Provide a clear, structured comparison:"""

    response = ollama.chat(
        model='llama3.2',
        messages=[{'role': 'user', 'content': prompt}],
        options={'temperature': 0.2, 'num_ctx': 16384}
    )
    return response['message']['content']

# Example usage
doc_a = open('contract_v1.txt').read()
doc_b = open('contract_v2.txt').read()
print(compare_documents(doc_a, doc_b, focus='payment terms and liability'))

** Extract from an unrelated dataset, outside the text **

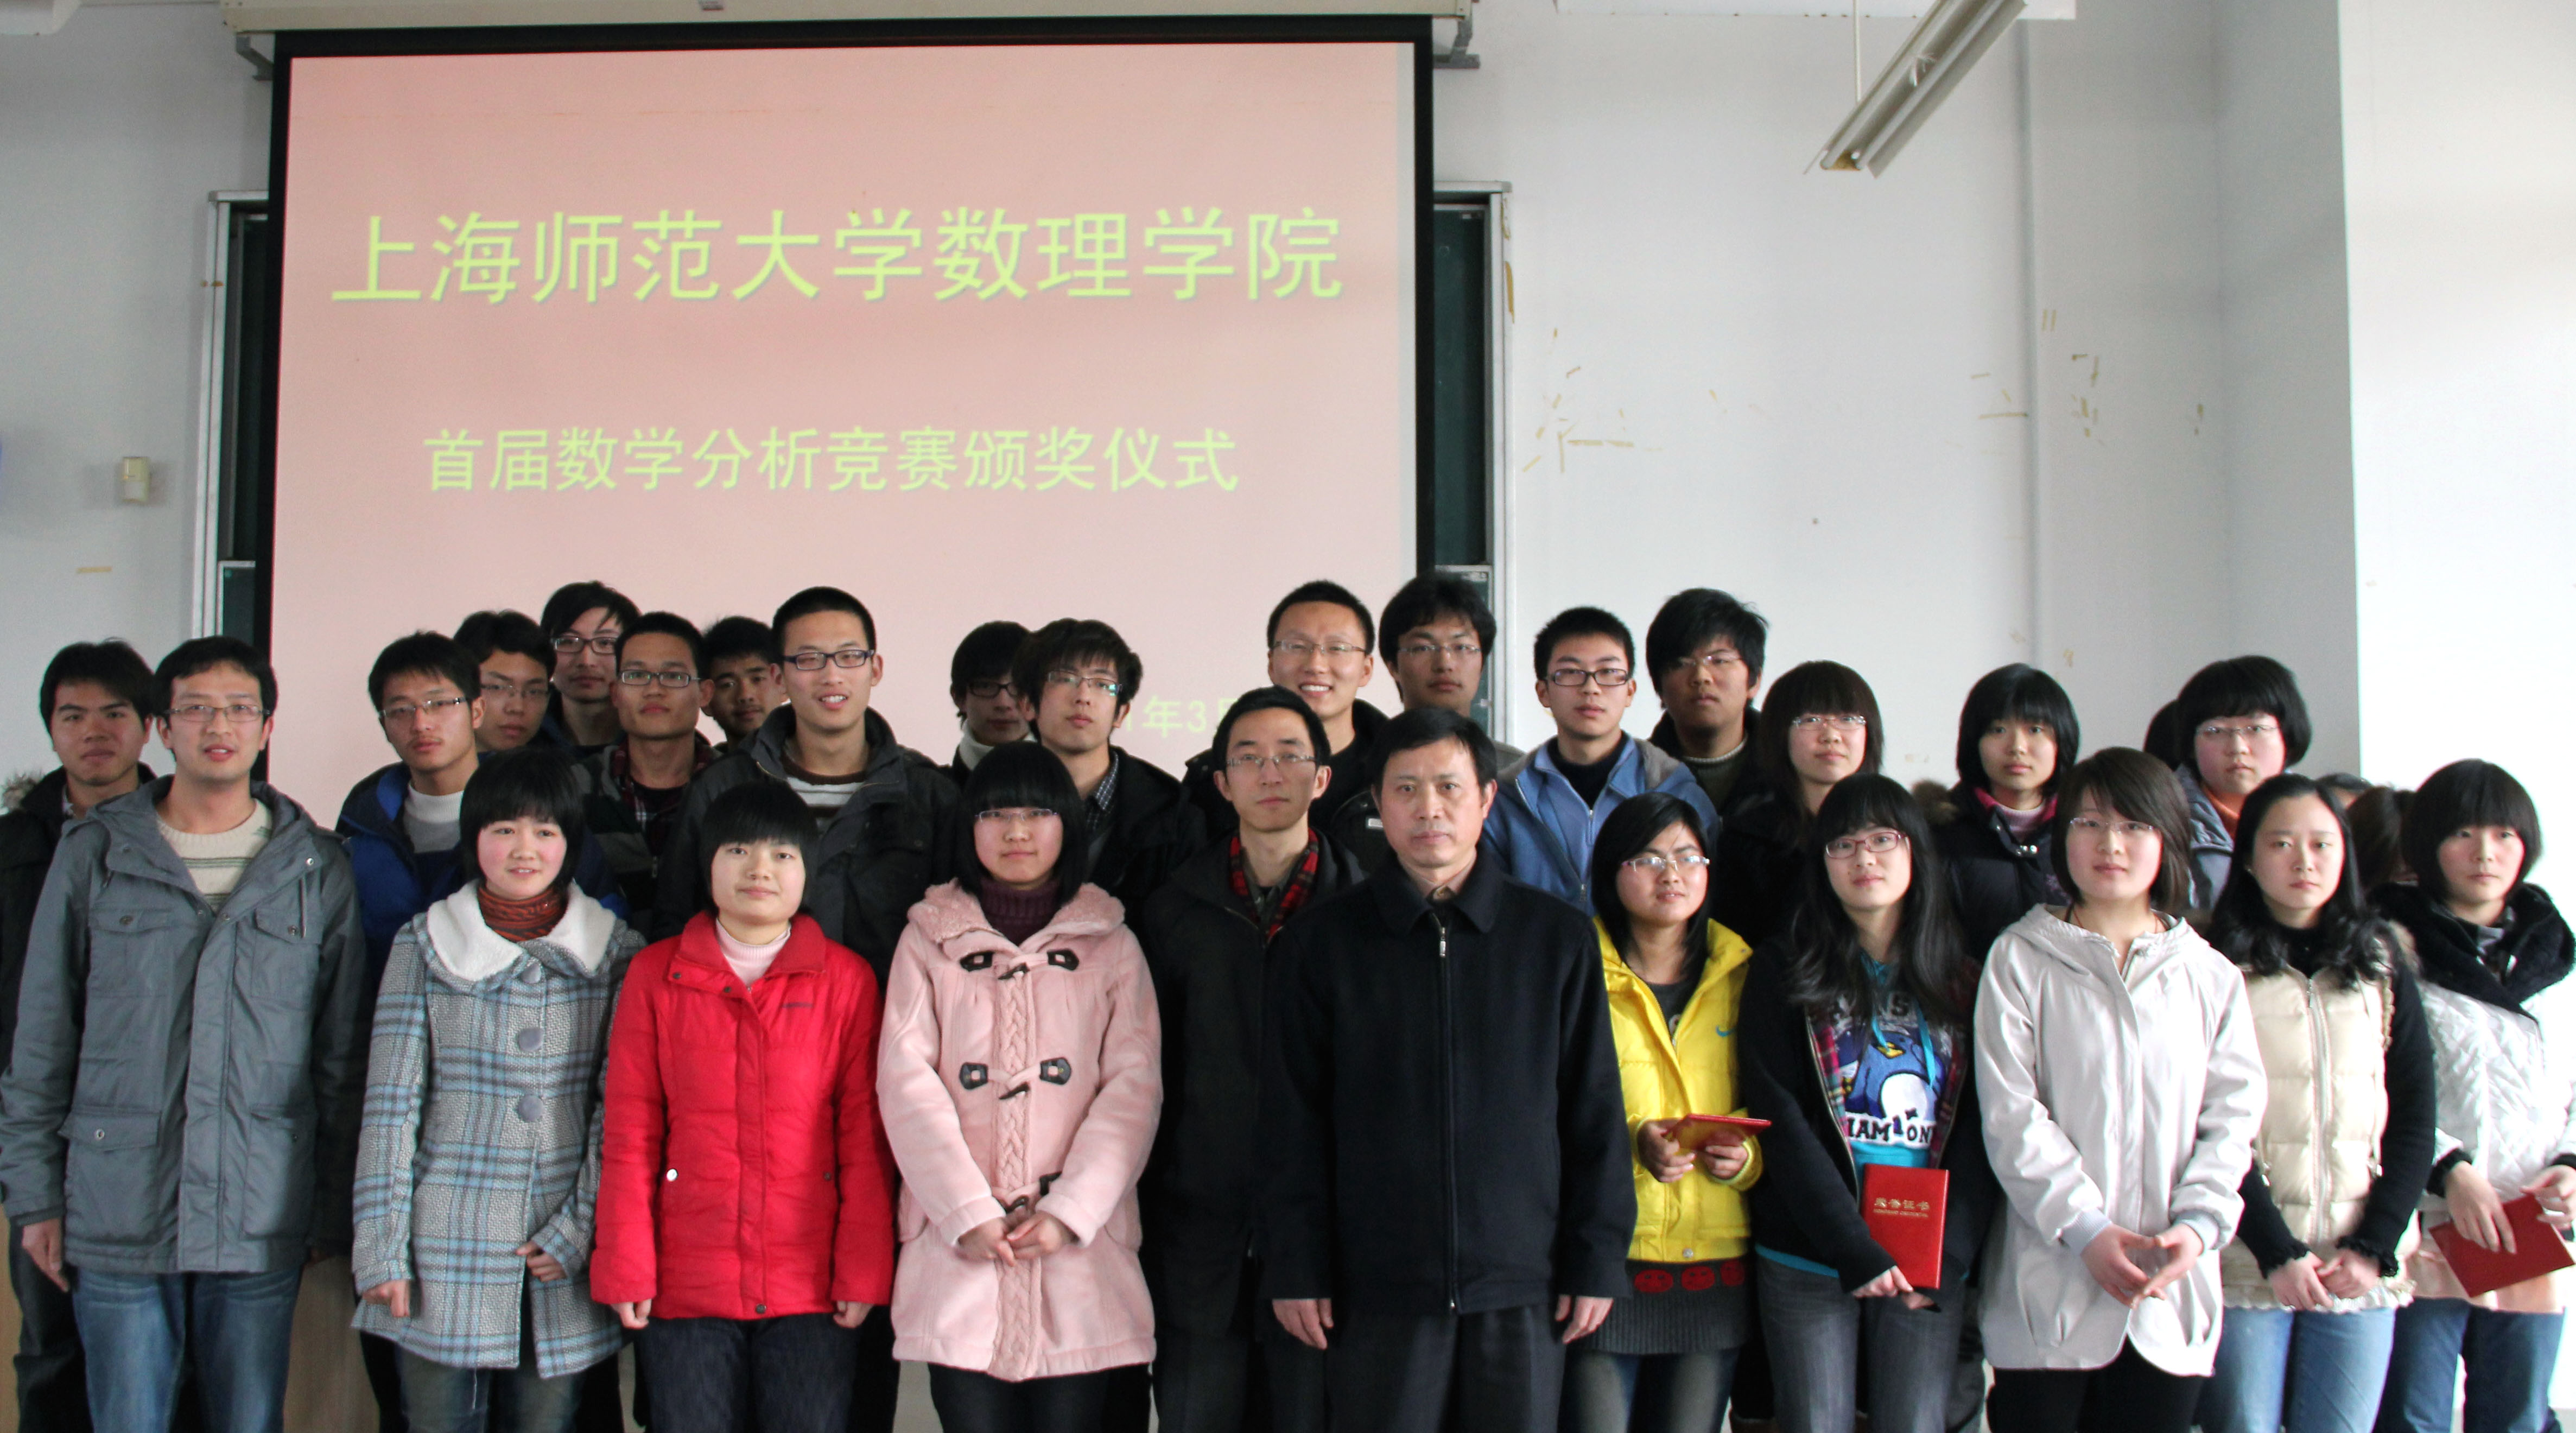 上海師範大學數理信息學院
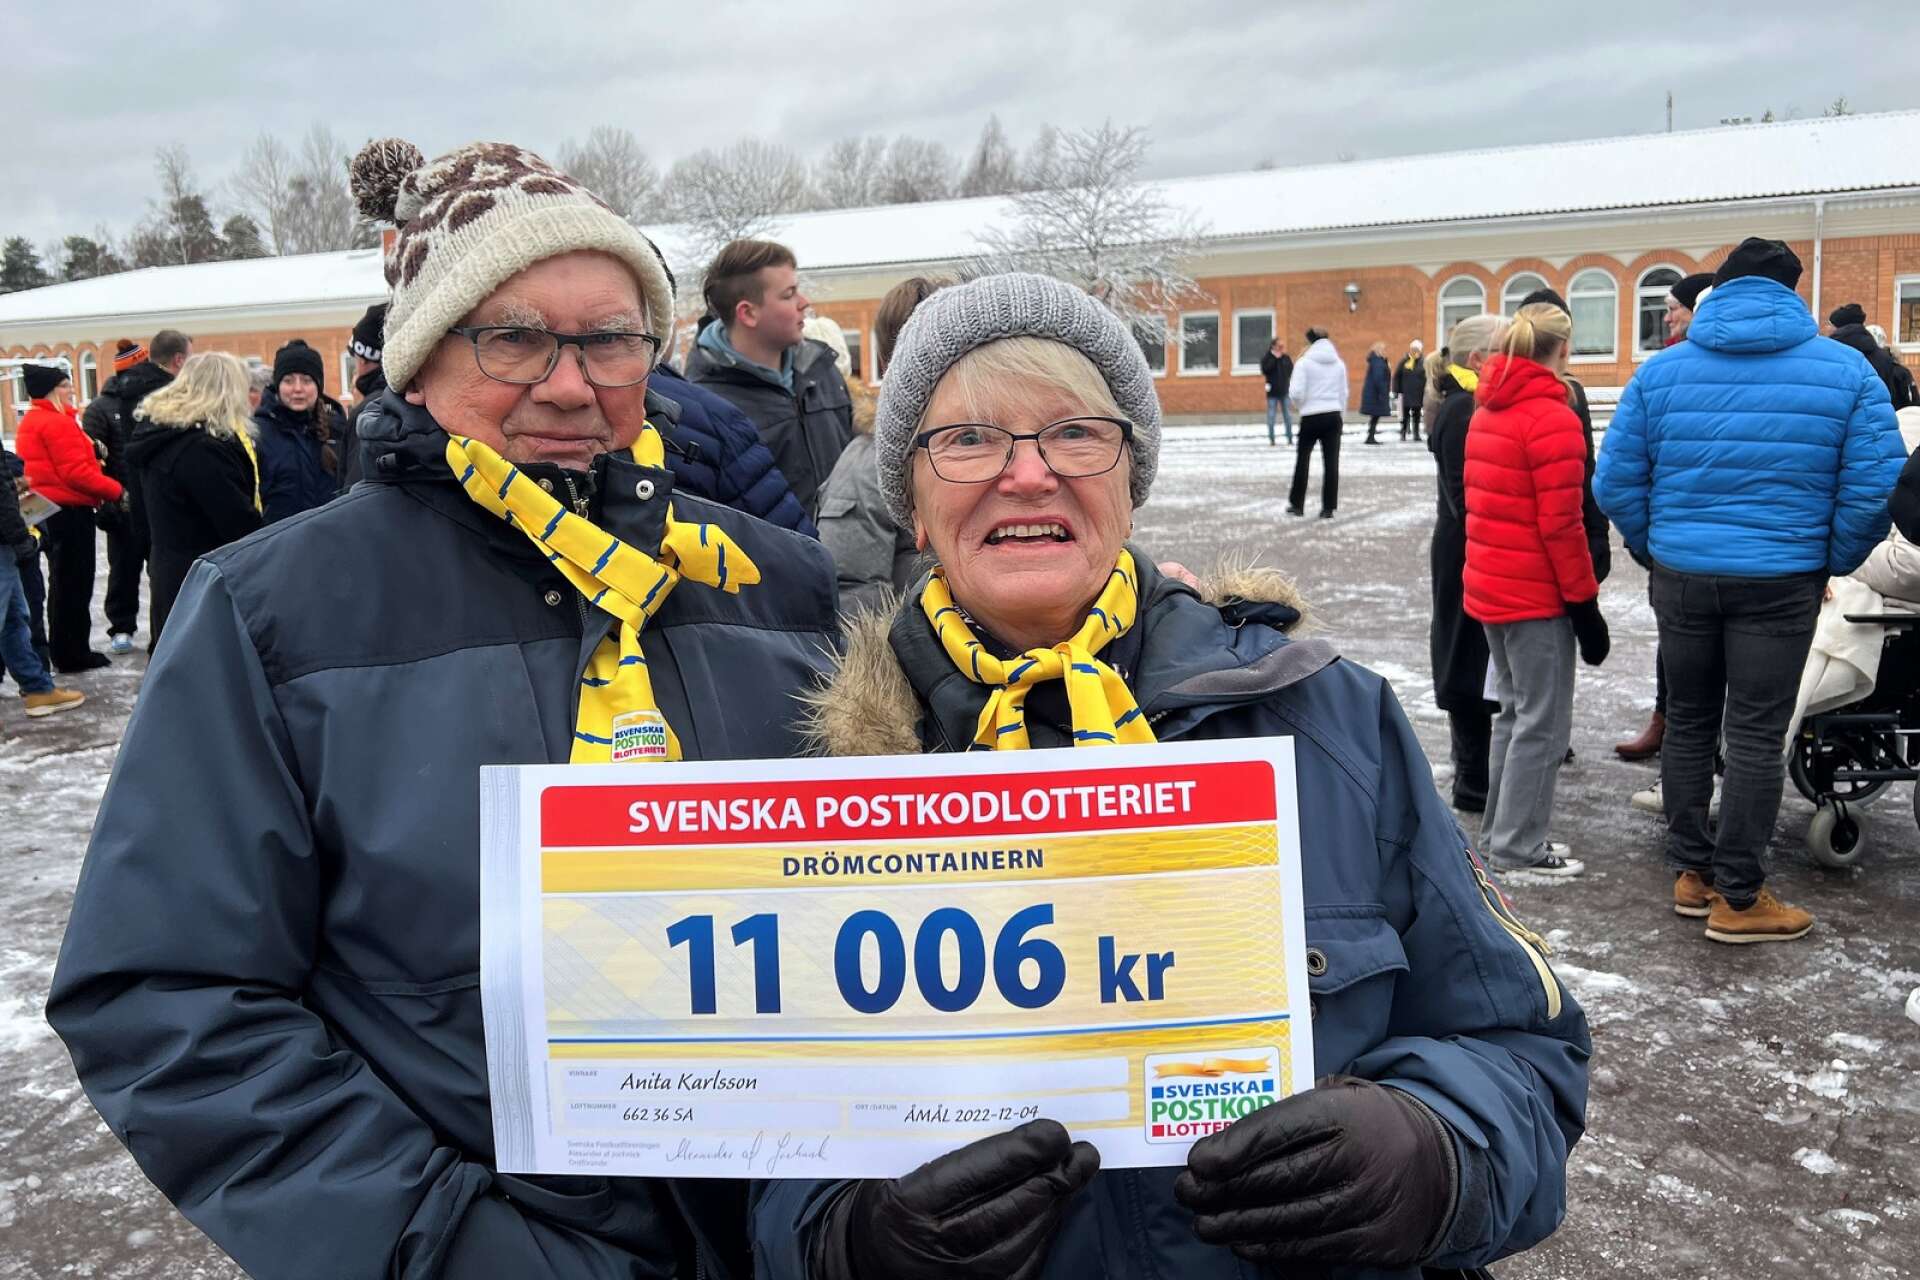 John Karlsson och Anita Karlsson med vinstchecken. Anita tyckte det var trevligt med de gula halsdukarna och tänker behålla dem som minne.

Structured Diff Output with Pydantic

from pydantic import BaseModel
from typing import Optional
import ollama

class DocumentDiff(BaseModel):
    additions: list[str]       # things in B but not A
    removals: list[str]        # things in A but not B
    modifications: list[str]   # things that changed between A and B
    conflicts: list[str]       # contradictions or inconsistencies
    summary: str               # one-paragraph overall assessment

def structured_compare(doc_a: str, doc_b: str, model: str = 'llama3.2') -> DocumentDiff:
    response = ollama.chat(
        model=model,
        messages=[{
            'role': 'user',
            'content': f'Compare these two documents and identify all significant differences.\n\nDocument A:\n{doc_a[:6000]}\n\nDocument B:\n{doc_b[:6000]}'
        }],
        format=DocumentDiff.model_json_schema(),
        options={'temperature': 0.1}
    )
    return DocumentDiff.model_validate_json(response['message']['content'])

Handling Long Documents with Chunked Comparison

def chunked_compare(doc_a: str, doc_b: str, chunk_size: int = 4000) -> str:
    """
    Compare long documents by splitting into sections.
    Works for documents too long to fit in a single context window.
    """
    words_a = doc_a.split()
    words_b = doc_b.split()

    # Split both documents into matching chunks
    chunks_a = [' '.join(words_a[i:i+chunk_size]) for i in range(0, len(words_a), chunk_size)]
    chunks_b = [' '.join(words_b[i:i+chunk_size]) for i in range(0, len(words_b), chunk_size)]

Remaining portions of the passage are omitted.